ONE OR MORE DOSES: As used herein, “one or more doses” as used in the phrase “one or more doses, each of which is less than the standard dose” means one or a plurality of doses of Compound 1, or a pharmaceutically acceptable salt, solvate, or hydrate thereof, that is given to the individual during the first period of time and each is less than the standard dose. In some embodiments, the first period comprises a plurality of subperiods wherein a different dose of Compound 1, or a pharmaceutically acceptable salt, solvate, or hydrate thereof, is given to the individual in each of the subperiods. In some embodiments, administration of one or more doses during the first period will have an effect on peripheral blood lymphocyte counts. In some embodiments, administration of one or more doses during the first period will not have effect on peripheral blood lymphocyte counts.

FASTED INDIVIDUAL: As used herein, “fasted individual” means an individual who has not eaten any food, i.e., has fasted for at least 6-8 hours, such as about 8 hours, before the administration of Compound 1, or a pharmaceutically acceptable salt, hydrate, or solvate thereof, and who does not cat any food and continues to fast for at least 1 hour after the administration of Compound 1, or a pharmaceutically acceptable salt, hydrate, or solvate thereof. In certain embodiments, the individual may also refrain from ingesting certain non-food substances during the fasting period. For example, in certain embodiments the individual does not ingest any supplements and/or drugs during the fasting period. In certain embodiments, the individual does not ingest any high calorie liquids during the fasting period. In certain embodiments, the individual does not ingest any liquids other than water during the fasting period. In certain embodiments, the individual may ingest small amounts of low calorie beverages, such as tea, coffee, or diluted juices.

MAYO CLINIC SCORE (MCS): As used herein, “Mayo Clinic Score” or “MCS” means an instrument designed to measure disease activity of ulcerative colitis and consists of 4 subscores: stool frequency, rectal bleeding, findings of flexible proctosigmoidoscopy, and physician global assessment with each component ranging from 0 to 3 (0=normal, 1=mild, 2-moderate, 3=severe). Total score therefore ranges from 0 to 12, with a higher score indicating more severe disease. The 6-point Mayo score is based on stool frequency and rectal bleeding PROs collected daily using electronic patient diaries and excludes the findings on endoscopy and the physician's global assessment. The physician's global assessment acknowledges the three other criteria findings of the MCS, the individual's daily record of abdominal discomfort and general sense of well-being, and other observations, such as physical findings and the individual's performance.

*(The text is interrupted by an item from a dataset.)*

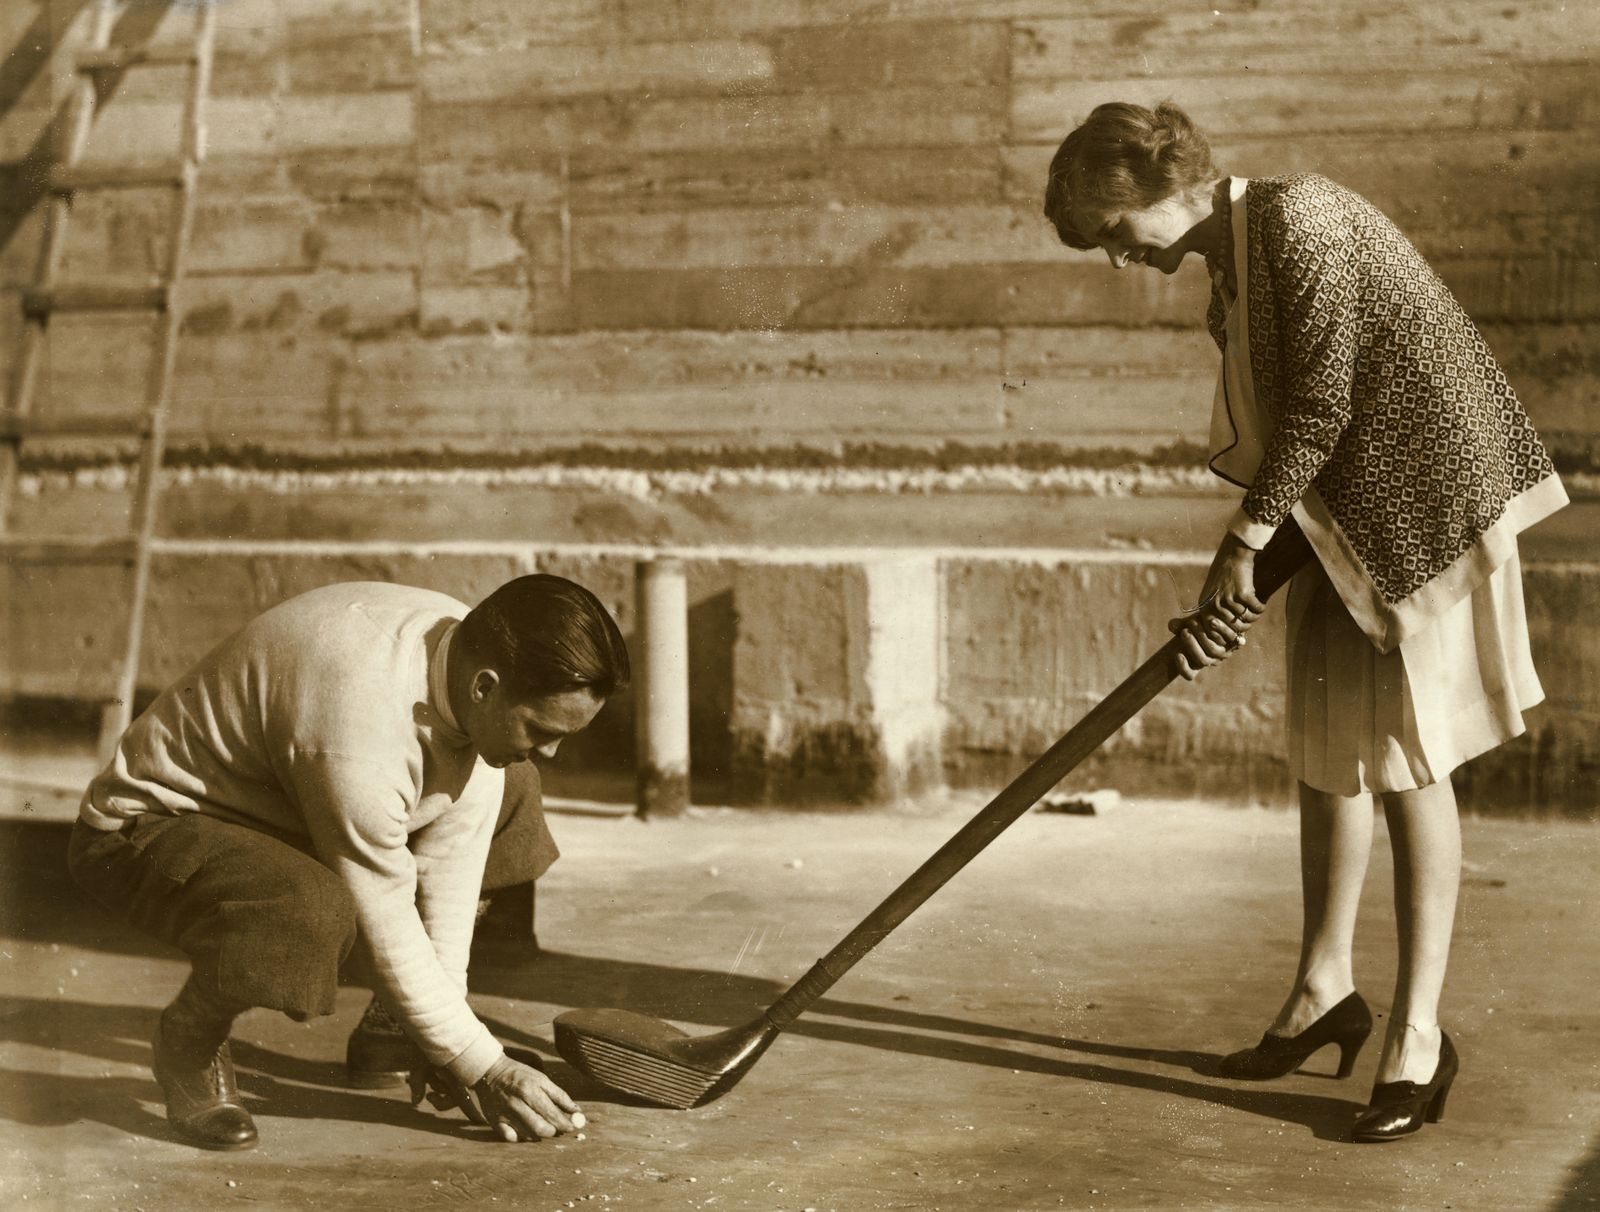 Jack Redmond - Woman Holding Large Golf Club

MILDLY TO MODERATELY ACTIVE ULCERATIVE COLITIS: As used herein, “mildly to moderately active ulcerative colitis” means ulcerative colitis characterized by a 4-component MCS of 4 to 10.

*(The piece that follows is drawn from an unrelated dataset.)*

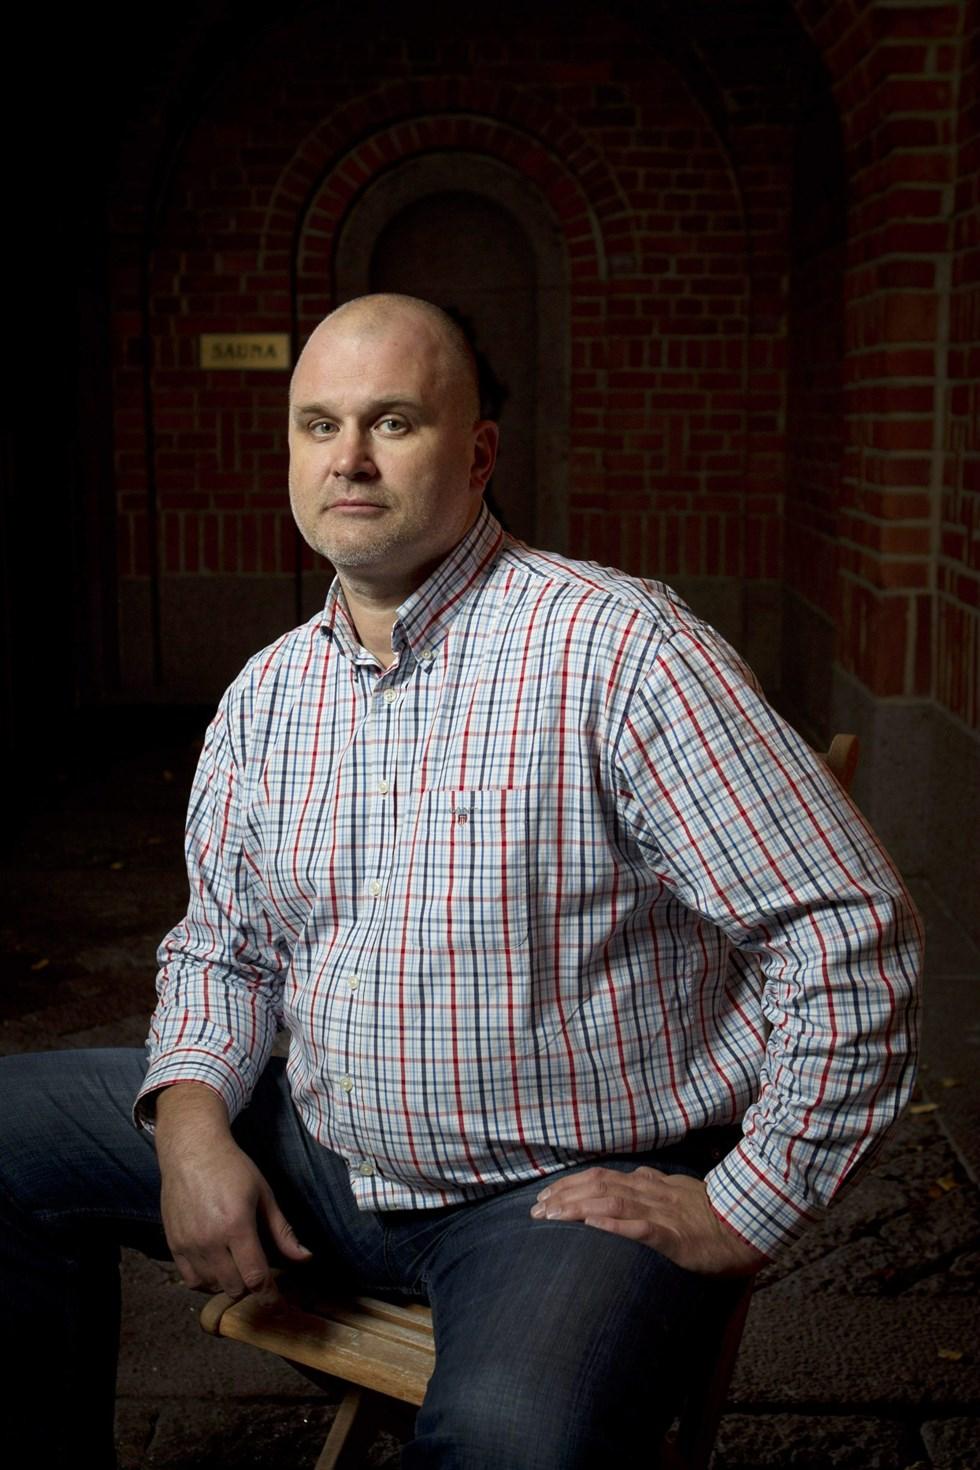 Jouko Jokinen ny chefredaktör för Yle - Vasabladet

MODERATELY TO SEVERELY ACTIVE ULCERATIVE COLITIS: As used herein, “moderately to severely active ulcerative colitis” means ulcerative colitis characterized by a 3-component MCS of 4 to 9 including an endoscopic subscore of >2 and a rectal bleeding score of ≥1. The 3-component MCS uses 3 of the 4 components of the complete MCS (endoscopic findings, rectal bleeding, and stool frequency).

CLINICAL REMISSION: As used herein, “clinical remission” with respect to ulcerative colitis means a 3-component Mayo Clinic score as follows: an endoscopy score (using flexible proctosigmoidoscopy) of 0 or 1, a rectal bleeding score of 0, and a stool frequency score of 0 or 1 with a decrease of ≥1 point from baseline subscore.